In this paper, a novel biologically-inspired algorithm, namely krill herd (KH) is proposed for solving optimization tasks. The KH algorithm is based on the simulation of the herding behavior of krill individuals. The minimum distances of each individual krill from food and from highest density of the herd are considered as the objective function for the krill movement.
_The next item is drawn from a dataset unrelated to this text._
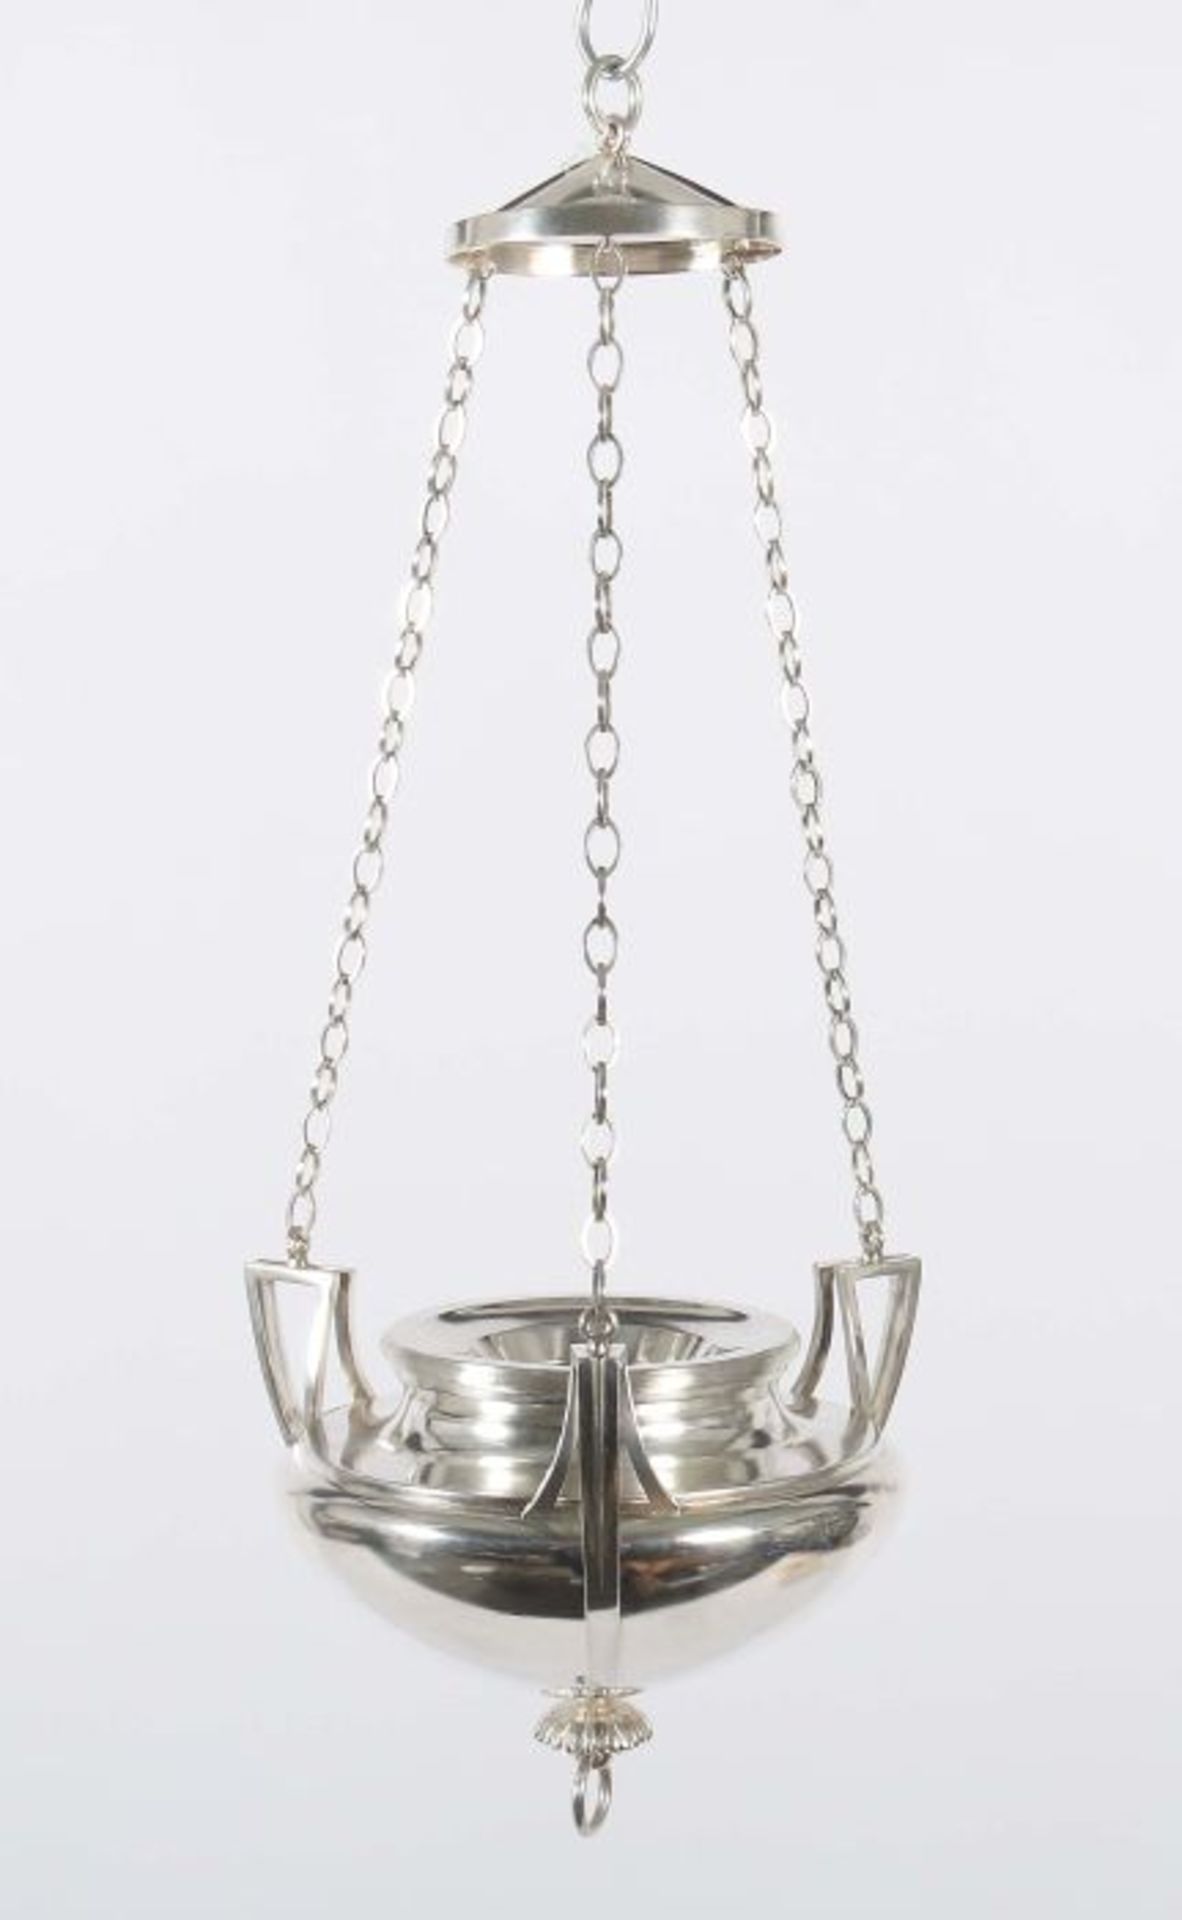 Ewiges LichtWien, 1798, Silber 13-lötig, ca. 1413 g, schalenförmiger Gefäßkörper mit

The time-dependent position of the krill individuals is formulated by three main factors: (ⅰ) movement induced by the presence of other individuals (ⅱ) foraging activ ity, and (ⅲ) random diffusion. For more precise modeling of the krill behavior, two adap tive genetic operators are added to the algorithm. The proposed method is verified using several benchmark problems commonly used in the area of optimization. Further, the KH algorithm is compared with eight well-known methods in the literature. The KH algo rithm is capable of efficiently solving a wide range of benchmark optimization problems and outperforms the exciting algorithms.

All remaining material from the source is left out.